WORK INSTRUCTION >>
Output the listing exactly as written, apart from its pictures.
START RECORDED DATA
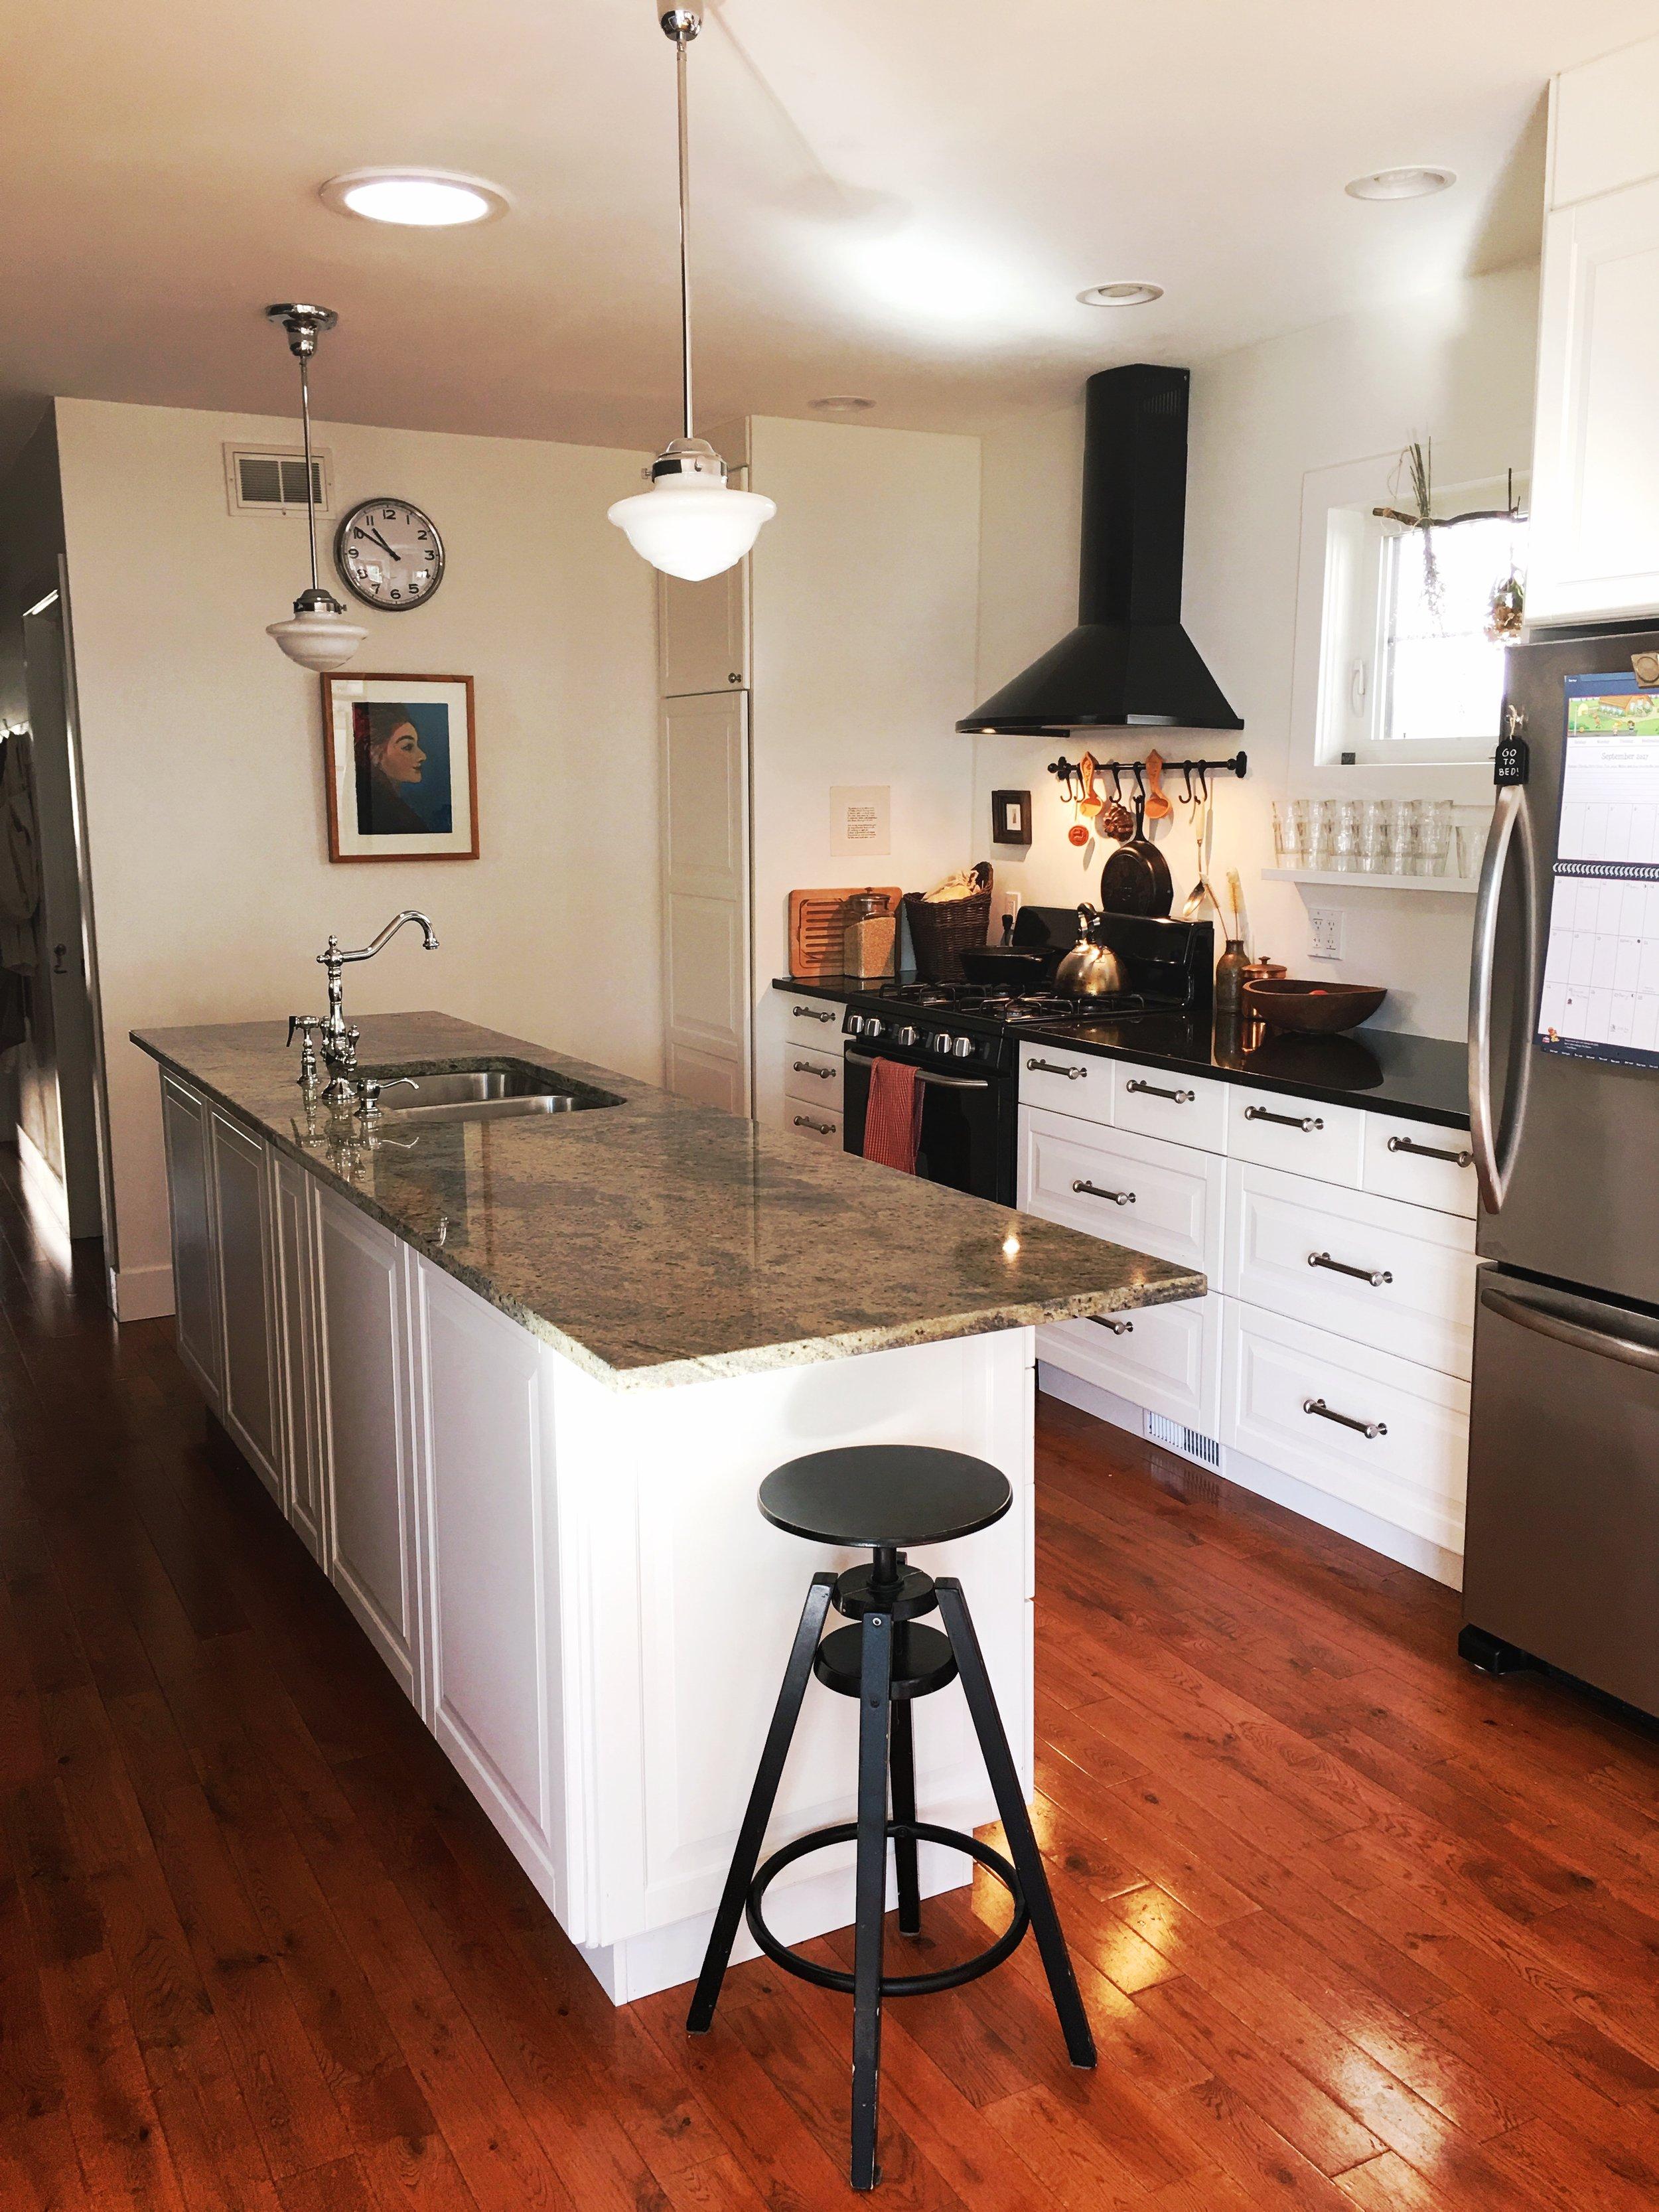 galley_island_kitchen.JPG
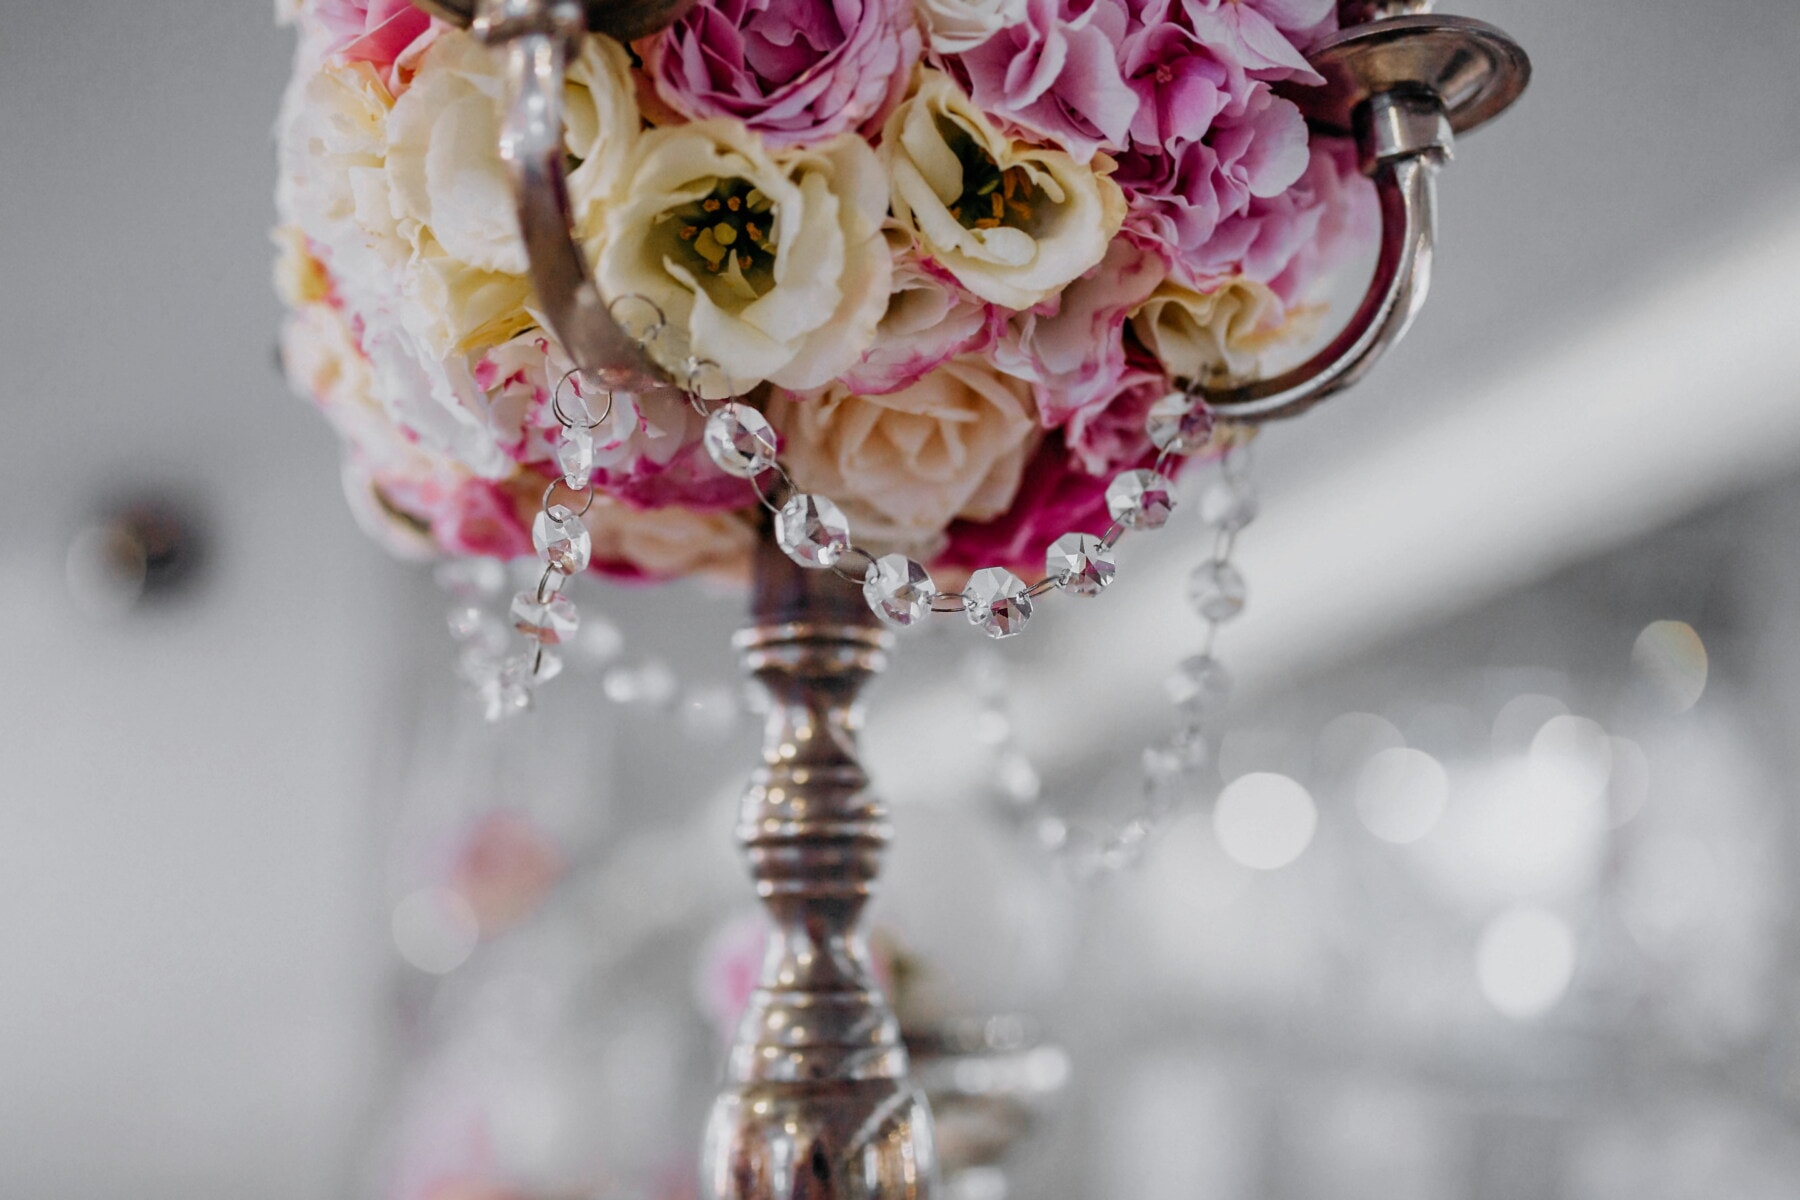 Lust auf, Kristall, Leuchter, dekorative, Blumenstrauß, Rosa, Blume, Dekoration, schöne, stieg
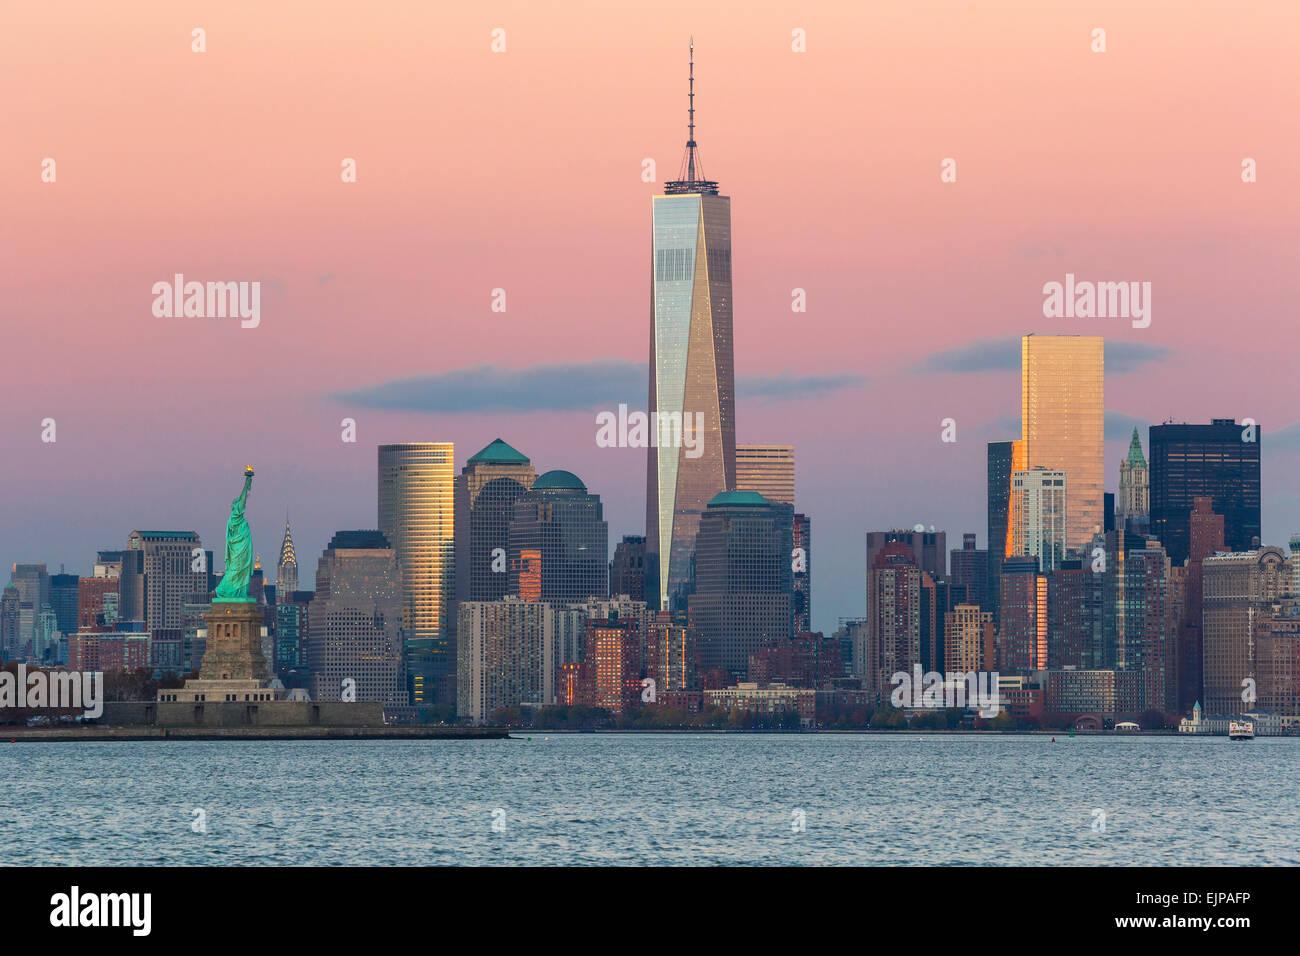 La estatua de la libertad, One World Trade Center y el centro de Manhattan, al otro lado del Río Hudson, Nueva York, Foto de stock
END RECORDED DATA
ANSWER SECTION >>
 galley_island_kitchen.JPG
 Lust auf, Kristall, Leuchter, dekorative, Blumenstrauß, Rosa, Blume, Dekoration, schöne, stieg
 La estatua de la libertad, One World Trade Center y el centro de Manhattan, al otro lado del Río Hudson, Nueva York, Foto de stock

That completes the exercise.